Every transaction involving anything having to do with real estate will be unique unto itself but / and because of that any words spoken and agreed upon need to be written down and signed by both parties. I have read many contracts in real estate written by truly good agents. All parties signed and agreed upon terms etc. However, when a third party read the contract it said something that no party in the transaction meant it to say. I would call the agent in my office and ask what this meant and when they read it - away from the heat of the moment - they would always be shocked at what was written and signed on. Words spoken in real estate mean zero - words written in real estate need to be very precise and clear. It can be very hard to make sure you write every detail so that there is no misunderstandings.

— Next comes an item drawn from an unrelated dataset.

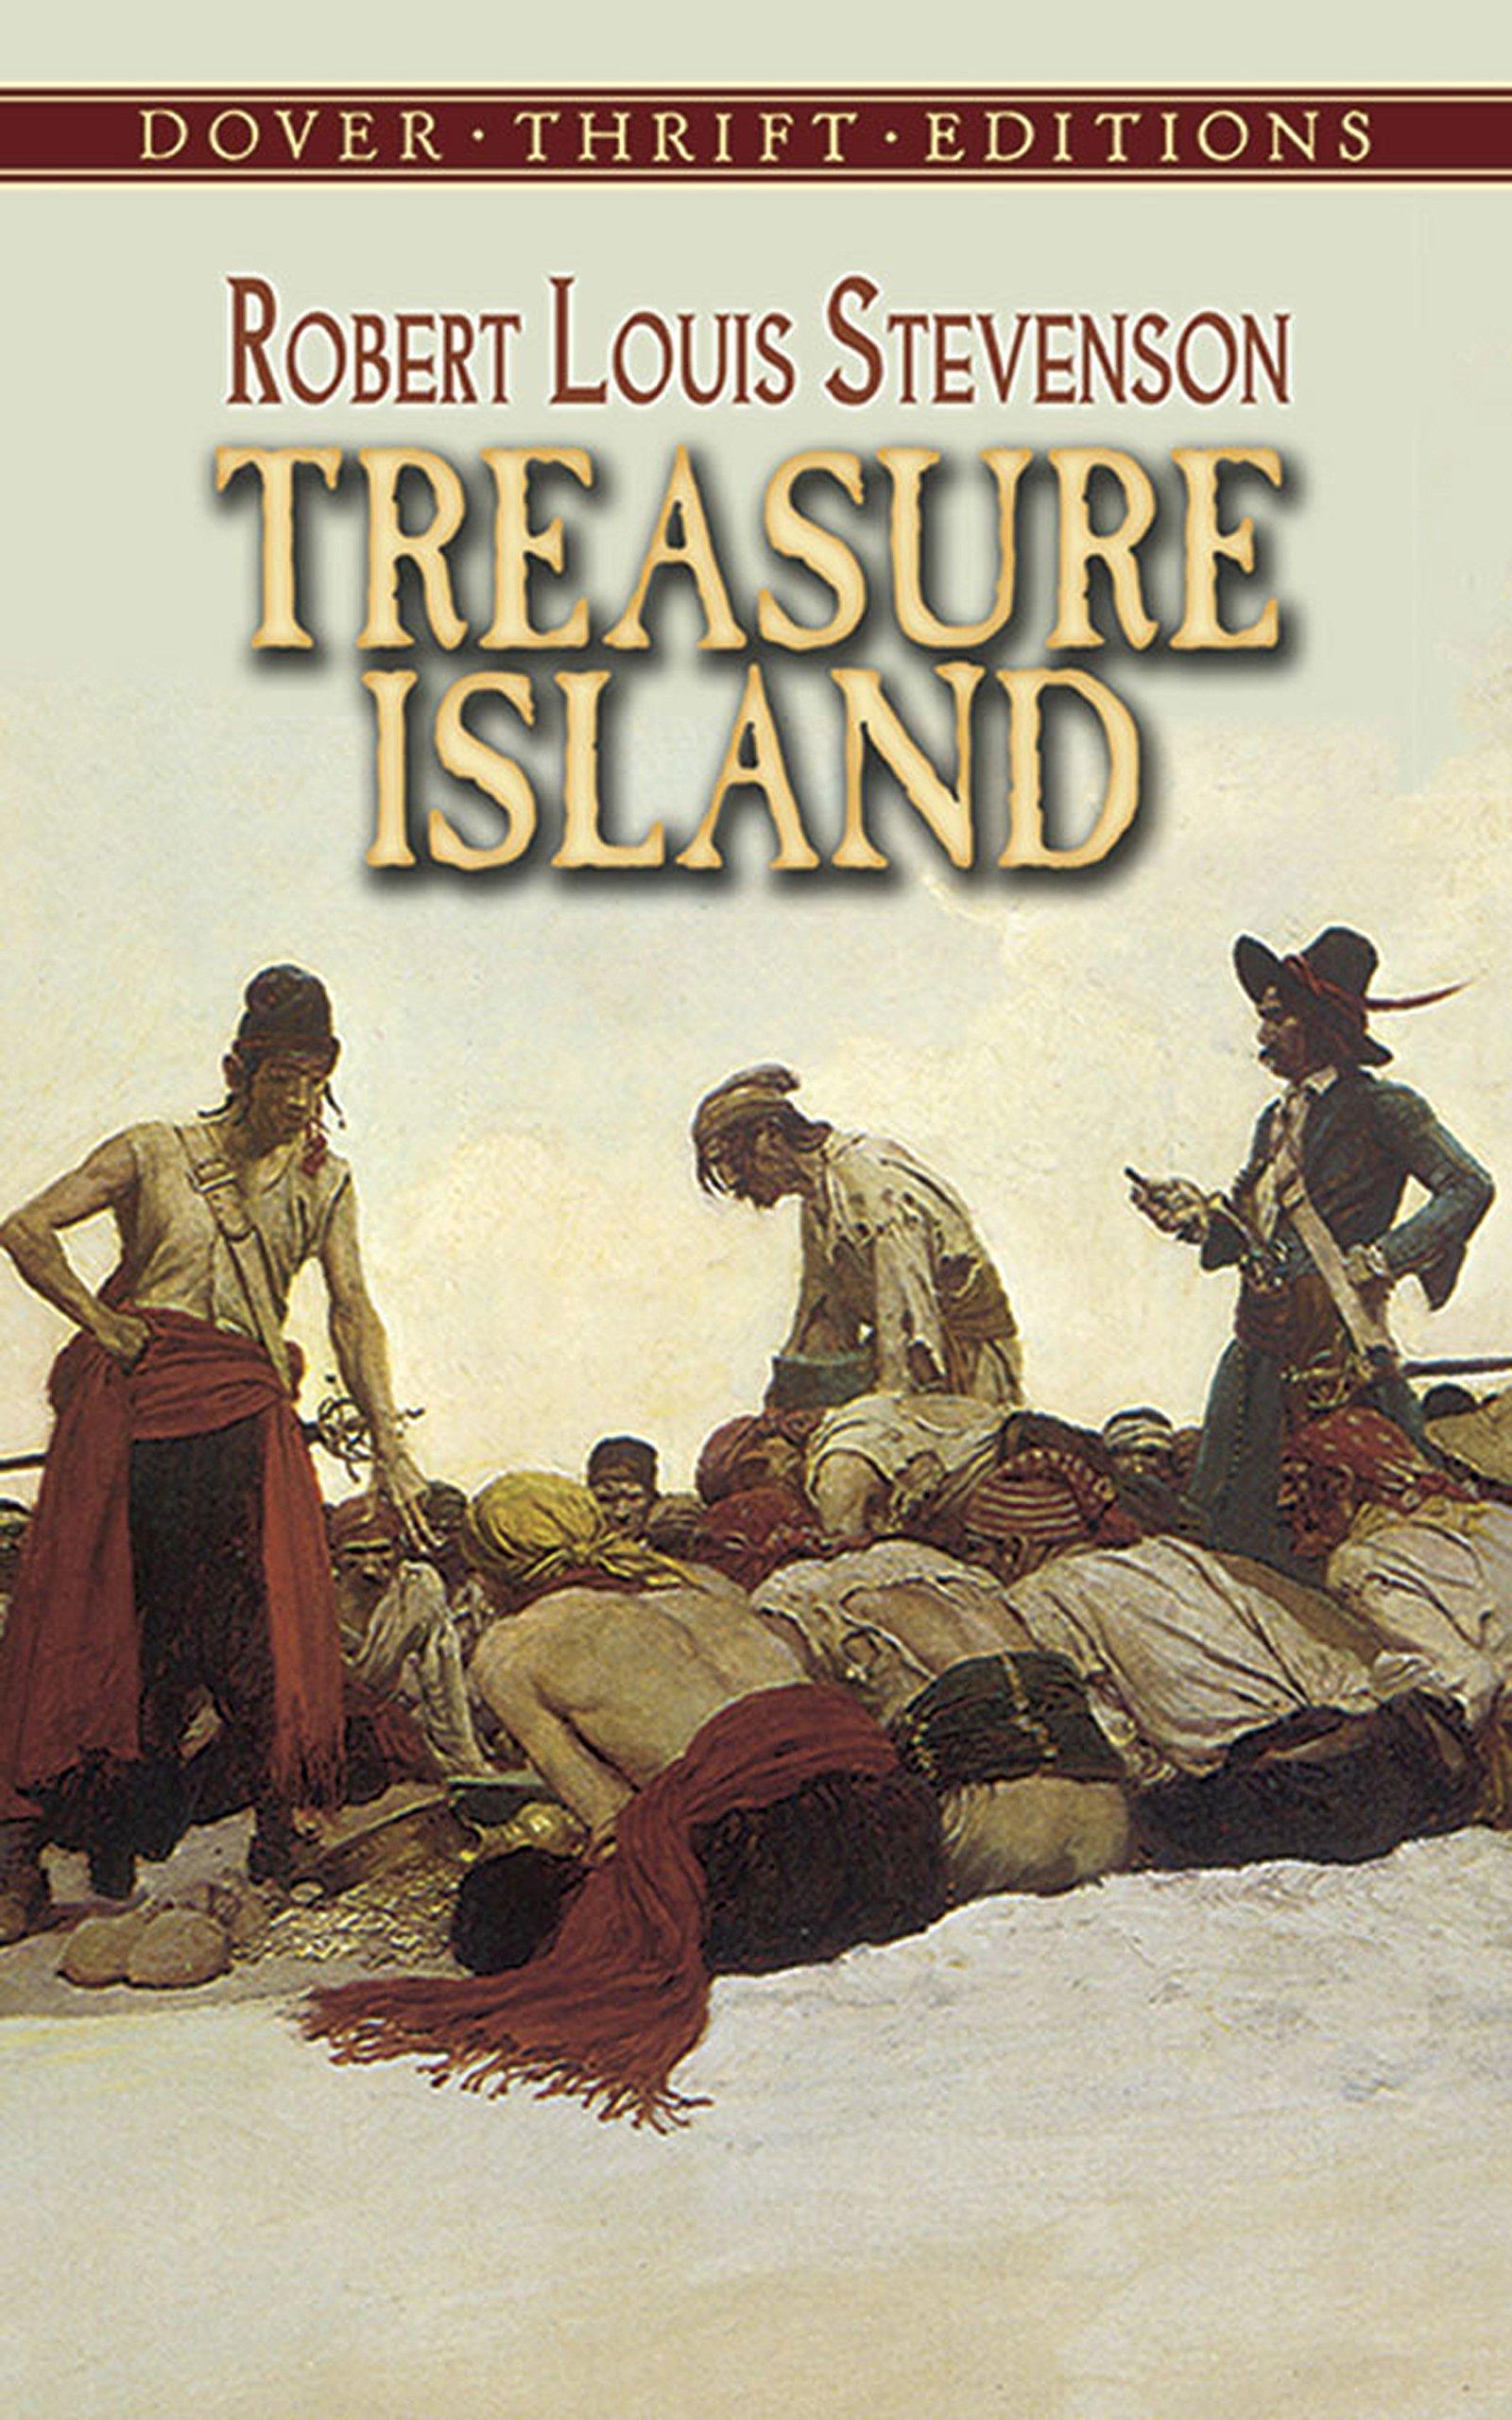 TREASURE ISLAND - Dover Thrift Editions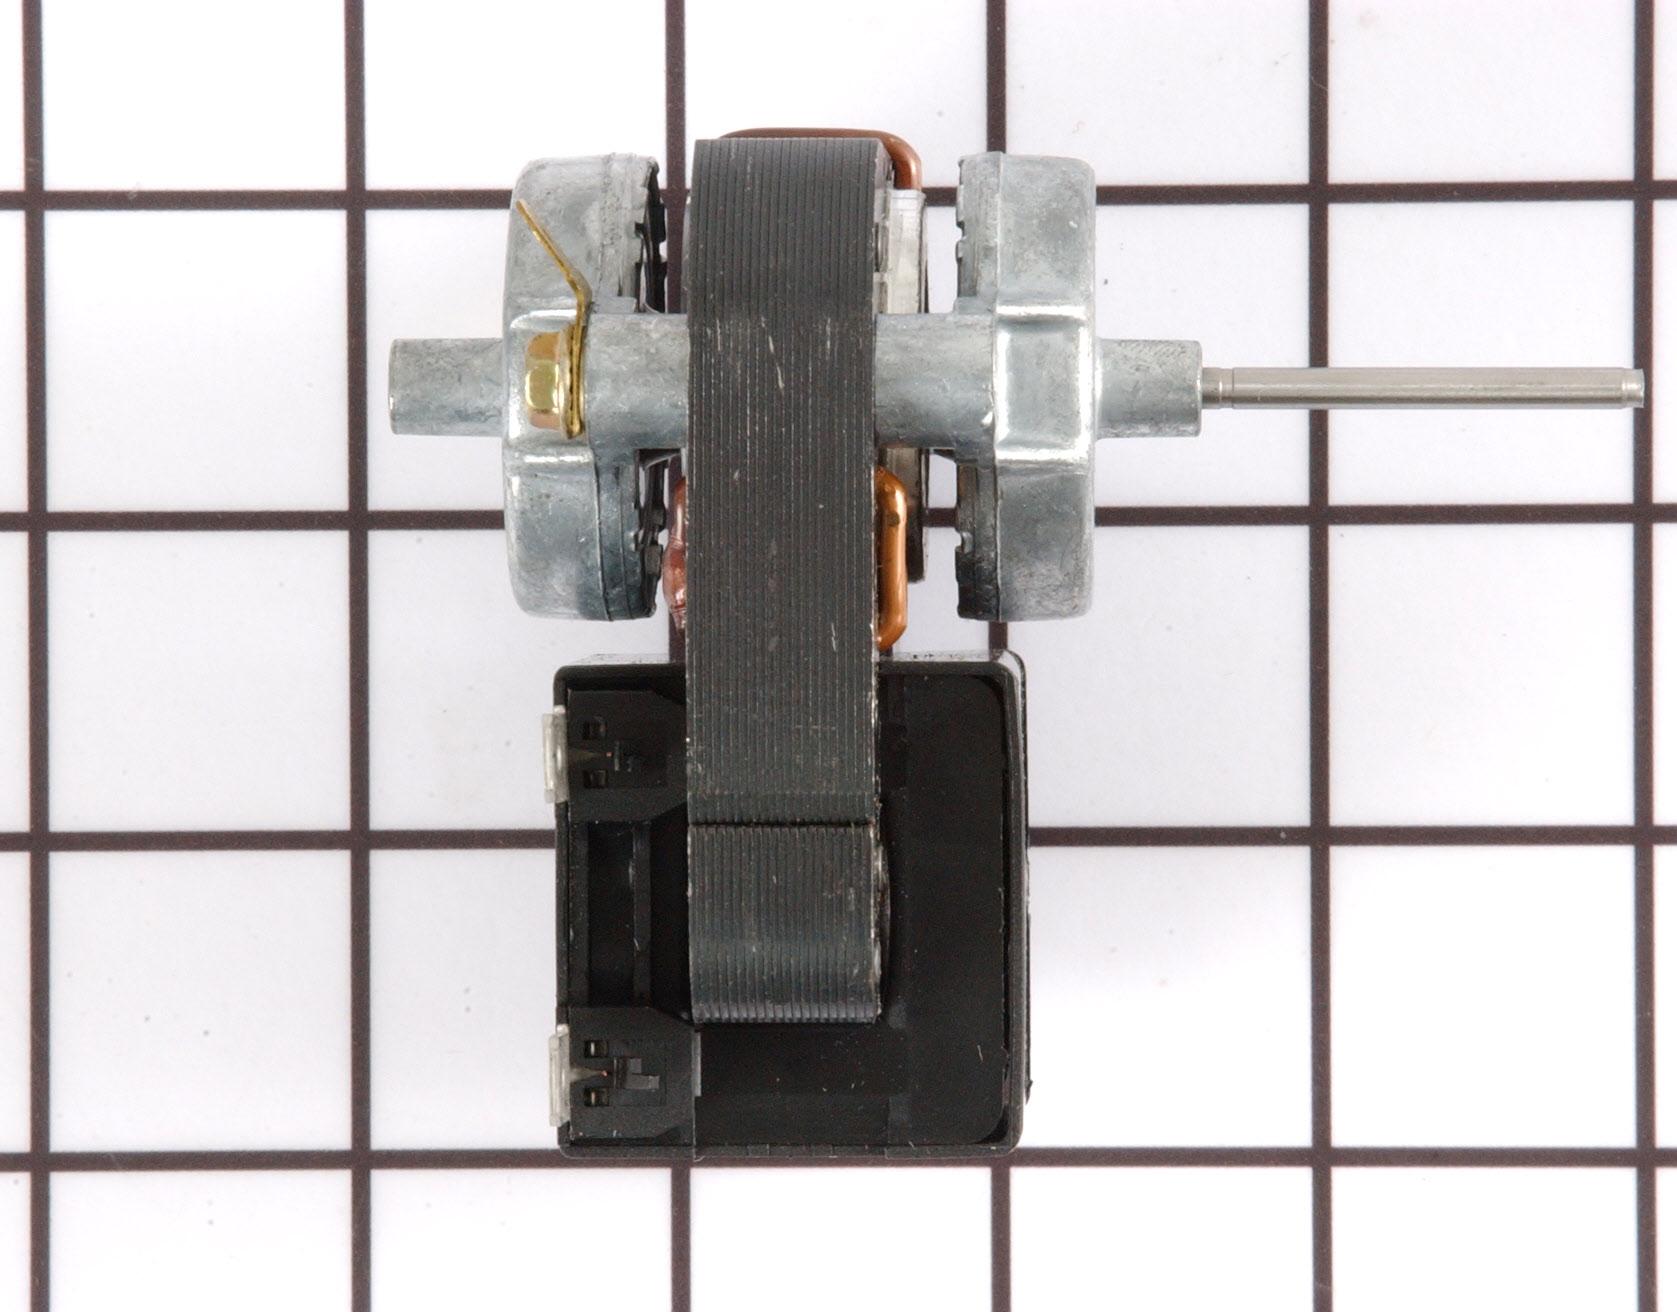 Kenmore Refrigerator Part # WP10513803 - Evaporator Fan Motor

Here in Mexico there is no license or continued educational credits to sell property. A 14 year old kid could sell a house. Anyone can be a realtor and what I saw in Chapala are retired people who used up their 401's and had to go back to work. They are learning by trial and error and they have not studied what real estate is truly about. Most of the brokers who are guiding them are also learning and also do not truly study real estate law - the economics that influence pricing and market conditions. They could no more tell you what riparian rights are in regards to real estate than how to build a rocket.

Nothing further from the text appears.